Esma launches consultation on MiFID reforms

The European Securities and Markets Authority has launched a consultation process around the implementation of MiFID II and MiFIR, as it seeks to turn the directive and regulation respectively into practical rules for industry participants.

The new rules are intended to increase investor protection and provide greater transparency to financial markets, to avoid a repeat of the financial crisis.

Transparency will be pushed on a greater range of asset classes. Derivatives will be required to trade on-exchange. Algorithmic and high frequency trading requirements will be tightened.

For retail investors the improvements are intended to come through changes such as limits on commission, creating conditions for access to independent financial advice, and placing stricter requirements on financial organisations.

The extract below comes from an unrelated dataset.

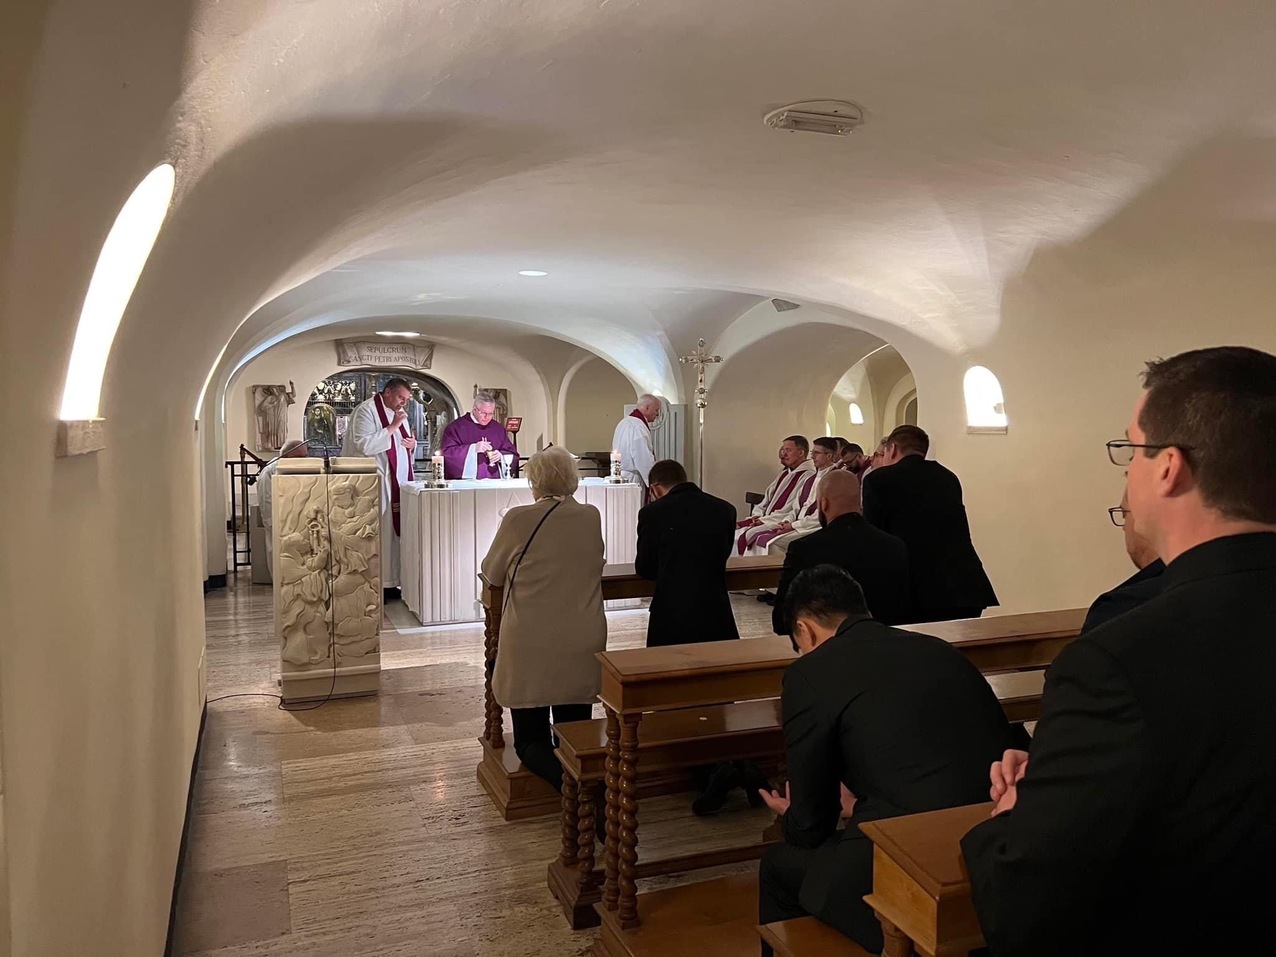 Day 4: Sunday Mass at St. Peter’s, Angelus among day's events for seminary group

Information about costs will become more transparent.

Esma said that the package of changes will mean it, in respect of its statutory role, will have to draft over 100 regulatory technical standards (RTS), and provide technical advice to the European Commission.

The Authority has therefore published two consultation related documents.

1. Consultation Paper on MiFID/MiFIR Technical Advice – ESMA needs to deliver this advice to the European Commission by December 2014 and is therefore subject to a condensed consultation process for this paper; and

2. Discussion Paper on MiFID/MiFIR draft RTS/ITS – this will provide the basis for a further consultation paper on the draft RTS/ITS which is expected to be issued in late 2014/early 2015.

Responses must be received by 1 August.

Steven Maijoor, ESMA chair, said: “The launch of today’s MiFID II/MiFIR consultation process is an important step in the biggest overhaul of financial markets regulation in the EU for a decade. The reform of MiFID is an integral part of the EU’s strategy to address the effects of the financial crisis and aims to bring greater transparency to markets and to strengthen investor protection. These changes are key to restoring trust in our financial markets.”

“We appreciate the magnitude of this exercise for stakeholders. We strongly encourage all those affected by these reforms to provide their views to ensure that we take them into account in our final proposals.”